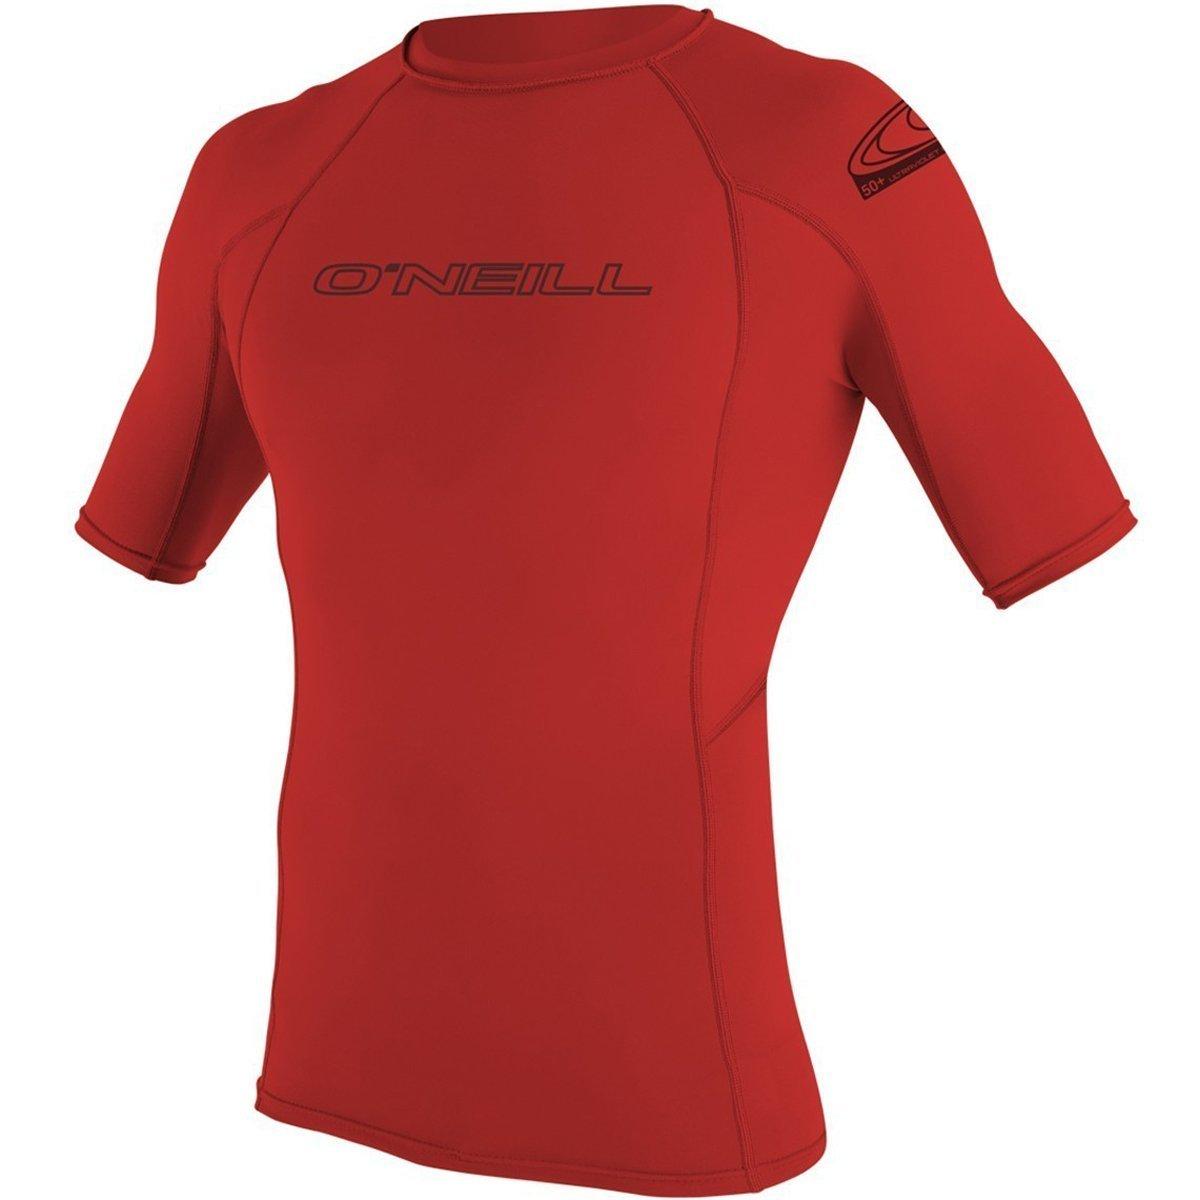 O'Neill  Men's Basic Skins UPF 50+ Short Sleeve Rash Guard, Red, Small
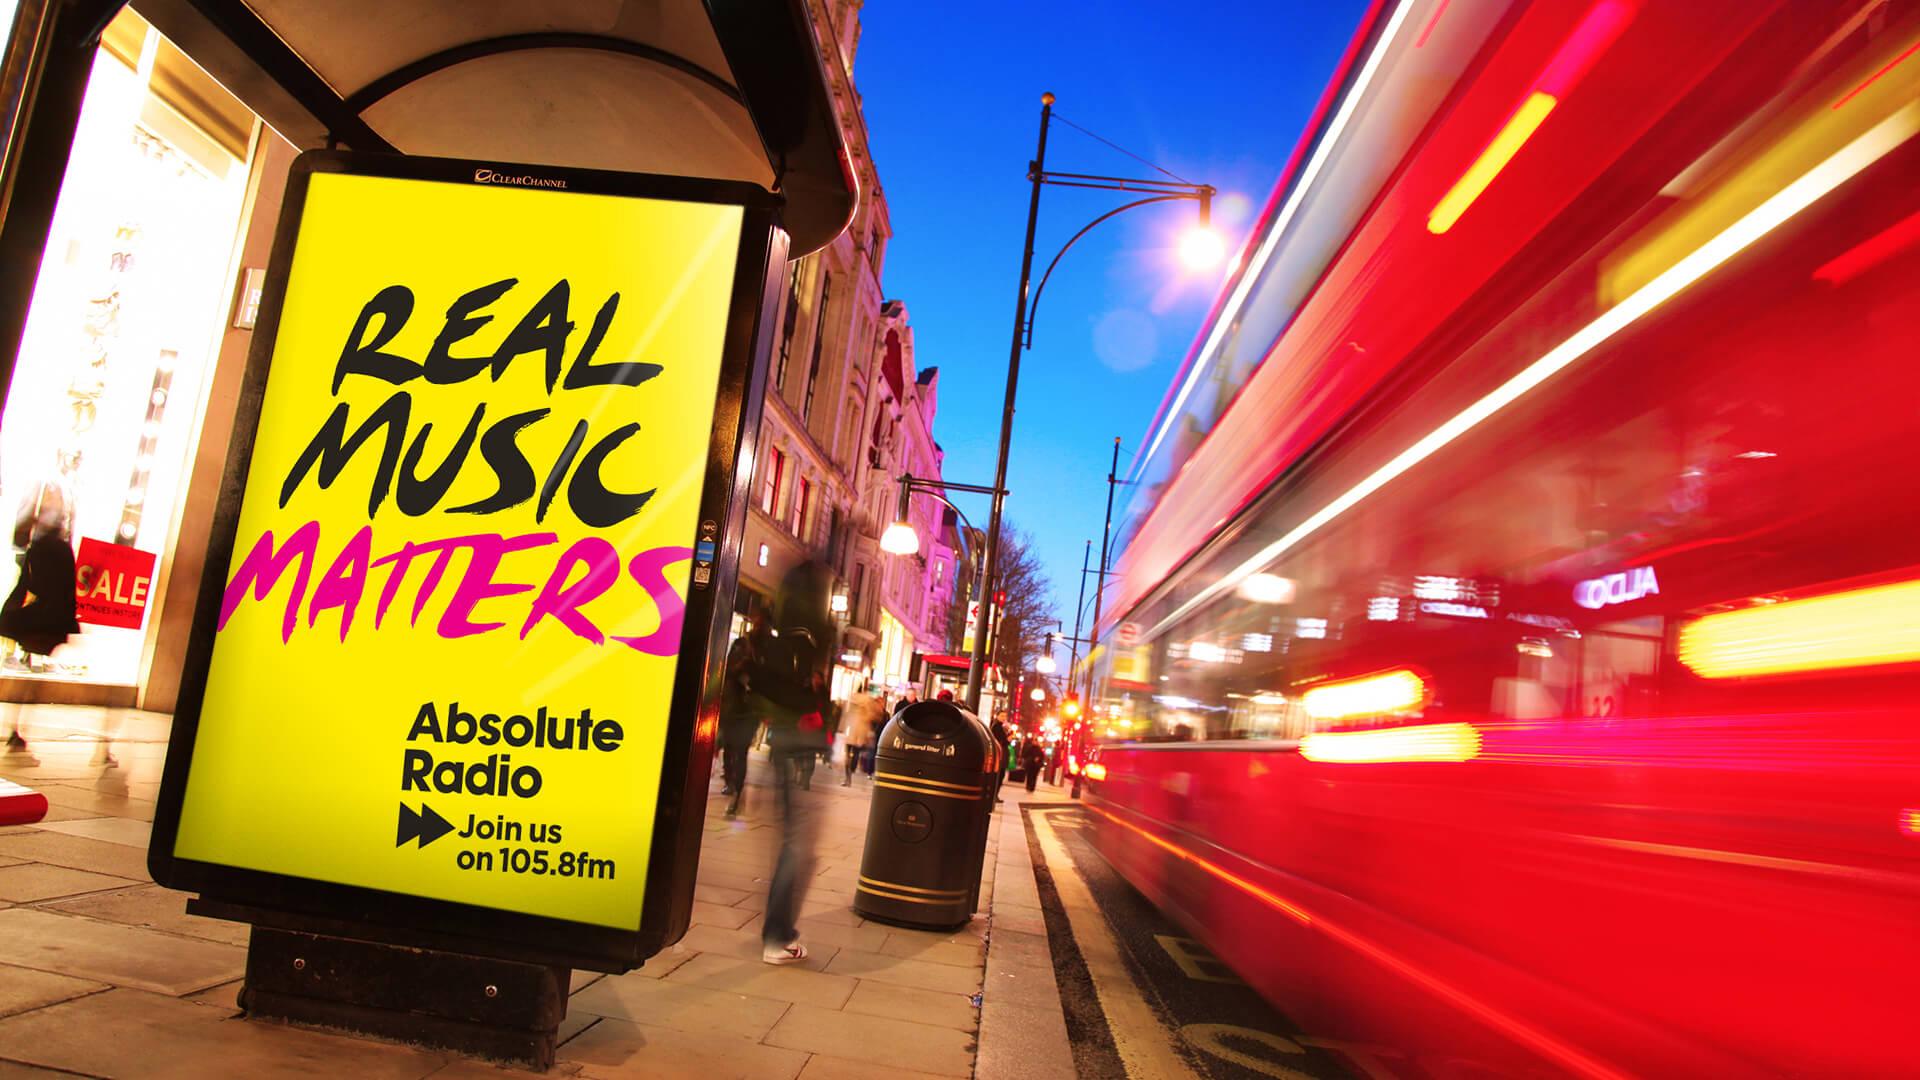 Absolute radio digital advertsiing programmatic advertising outdoor digital
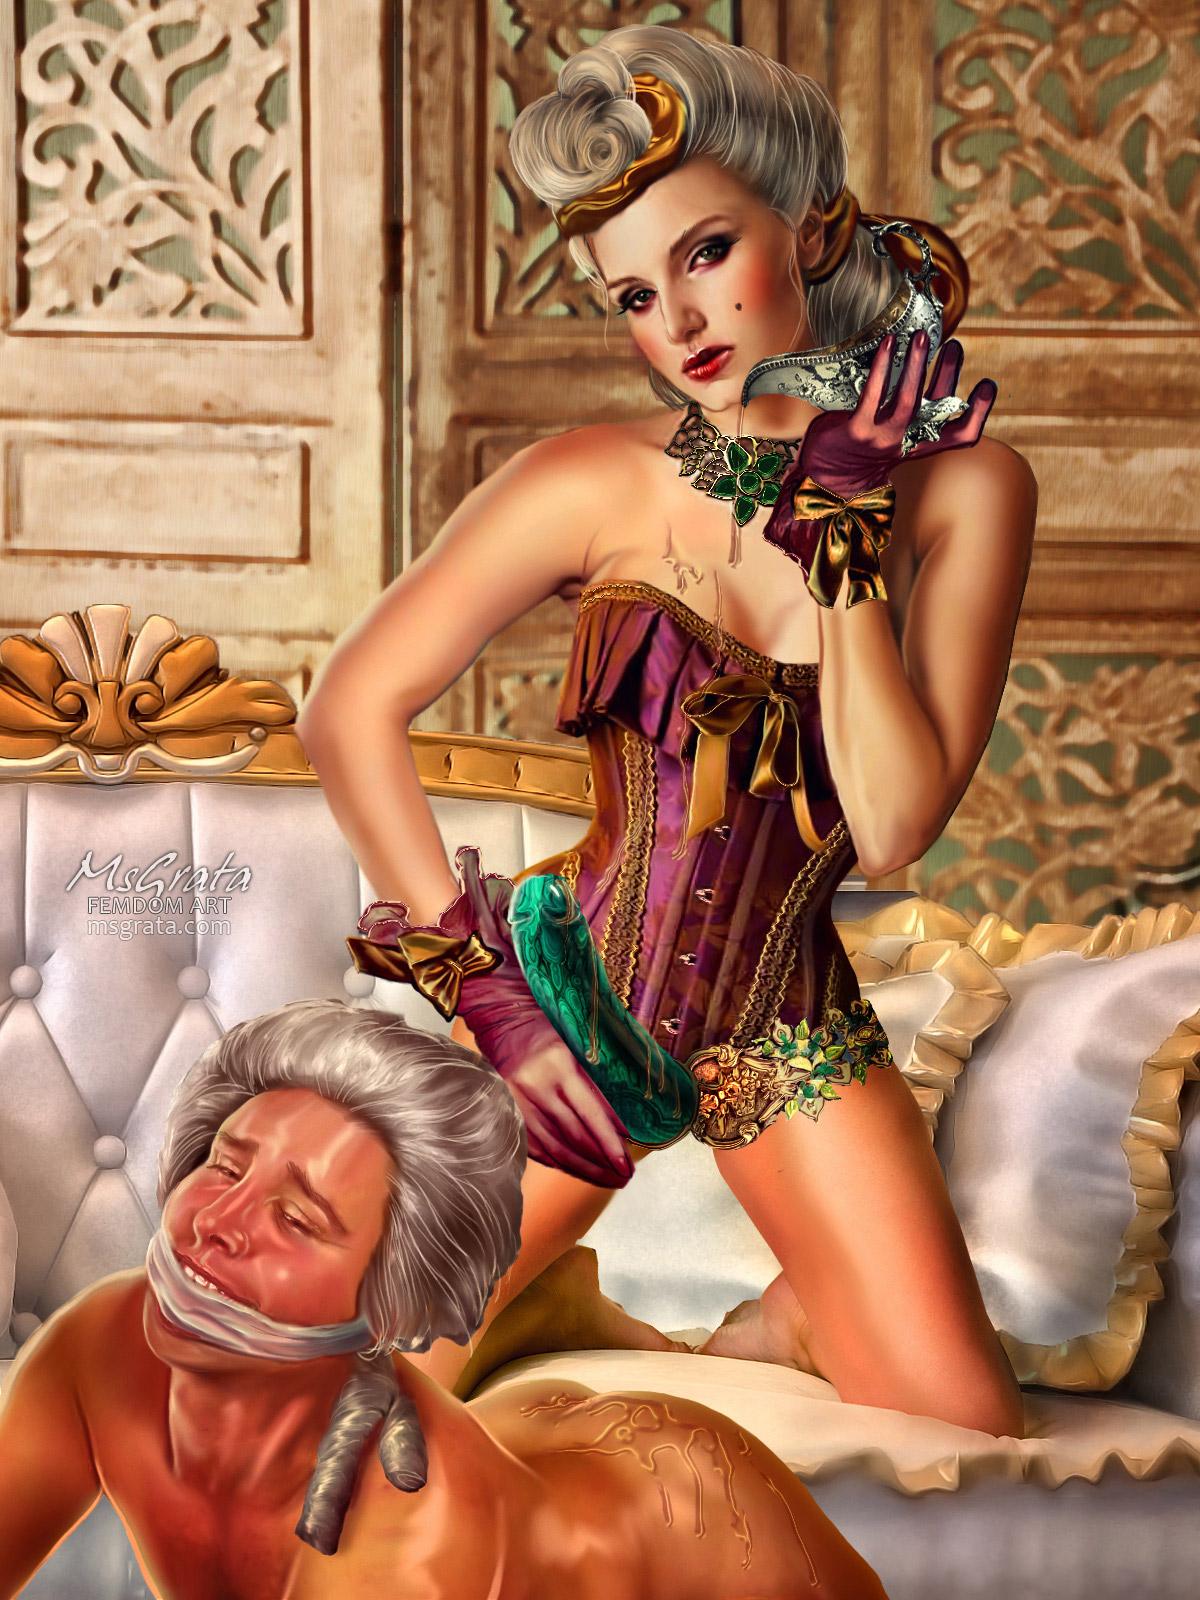 Medieval strap-on dildo pegging dominatrix MsGrata's femdom art fantasy
━━━━━━━━━━━━━━━━━━━━━━━━━━━━━━
__Problem__
Reproduce the lines above letter for letter. The pictures stay behind.

__Response to the task__
 O'Neill  Men's Basic Skins UPF 50+ Short Sleeve Rash Guard, Red, Small
 Absolute radio digital advertsiing programmatic advertising outdoor digital
 Medieval strap-on dildo pegging dominatrix MsGrata's femdom art fantasy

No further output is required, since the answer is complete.